Der Kampf ums Überleben vor Ort, die Entgegennahme des größten Kulturpreises weltweit aus Japan, die Orientierung zwischen Müllskandalen im Tal der Wupper und der Sanierung des örtlichen Opernhauses, der einzige reine Ästhetik-Lehrstuhl in reiner AntiÄsthetikUrbanität – das sind Essentials, mit denen das Tanztheater Wuppertal Pina Bausch zu rechnen hat. Und das nicht nur in Zeiten global leerer Kassen.

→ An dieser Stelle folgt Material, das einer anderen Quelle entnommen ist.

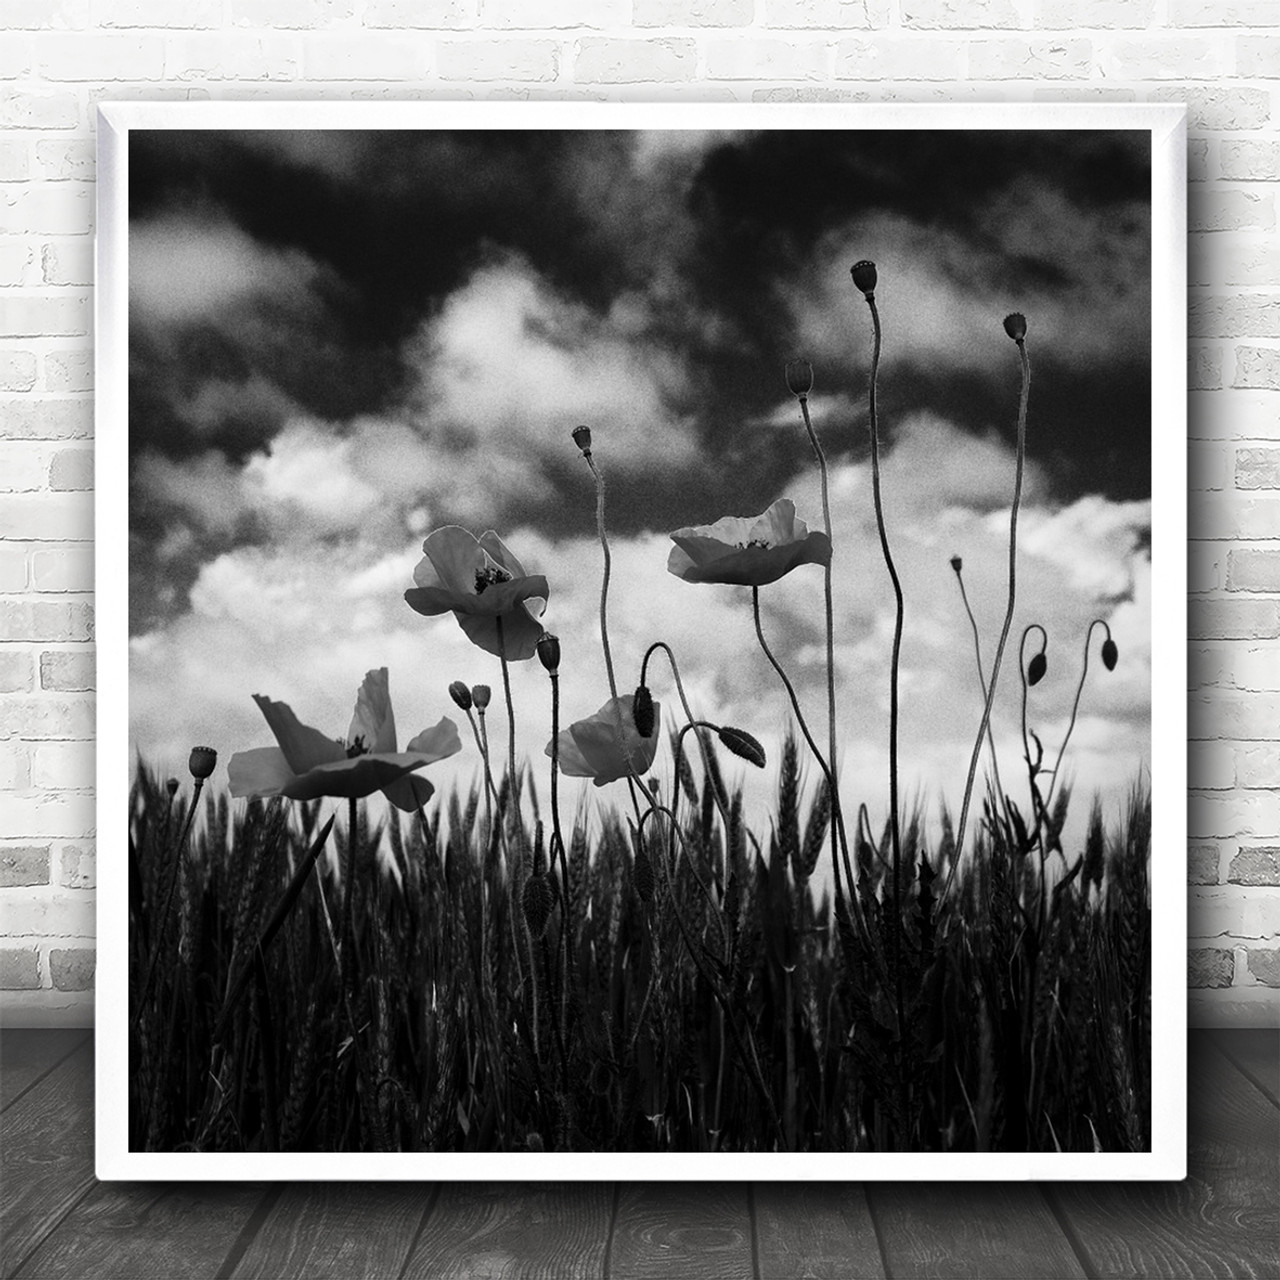 Black and White Wild Flower Contour Pattern Framed Wall Art Print

Diese waren in Wuppertal schon immer nicht gut gefüllt. Folglich galt es dort von Anbeginn, Kunst ohne prall bestückte Geldtöpfe zu kreieren. Das war der Kunst vor Ort als künstlerisches Credo ins Stammbuch geschrieben. Auf solch ideologiefreiem arte-povera-Terrain entwickelt sich die körpersprachliche Kunst der Pina Bausch so über die Zeiten in den Zeiten für die jeweiligen Zeiten. Und dass da nicht jedes Mal, wenn einmal pro Jahr ein „Neues Stück“ angesagt ist in Wuppertal (und im Rest der Welt vor allem), alles von Grund auf neu sein kann, liegt in der Kraft kreativen Kreierens und ästhetischer Bogenformen.
Eines bleibt immer gleich bei Pina Bausch: die Liebe. Die Liebe zum Menschen und zum menschlichen Körper und seiner Sprachlichkeit. Die Liebe zur Musik. Die Liebe zur tänzerisch-analytischen Sicht des Menschlichen. Die Liebe zur distanzierend-aufklärerischen Einsicht. Das reicht von „Nelken“ und „Kontakthof“ bis zum „Neuen Stück 2009“. Und dass tiefe Erkenntnis nicht immer nur mit tieftrauriger Ernsthaftigkeit in tiefschwarzem Outfit funktionieren muss, zeigt auch das aktuelle Seelengemälde, das mit Minimalprojektion und chilenisch-kammermusikalischer Maximalemotion grenzenlose Zärtlichkeit und fulminante Grobheit inszeniert, Anziehung und Abstoßung skizziert, Spannungsfelder von Weiblichem und Männlichem definiert im offenen Visier von Sex und Sensibilität, von Stoff und Körper, von eloquenter Musikalität und stofflicher Farbenfreude.
Und immer bleibt im Jahr zweitausendneun ein Hauch von inniglichem Lächeln, von unerträglicher Leichtigkeit des Scheins im Gewand gesellschaftlichen Analysierens. Wunderbar. Wunderbar verdiente Ovationen.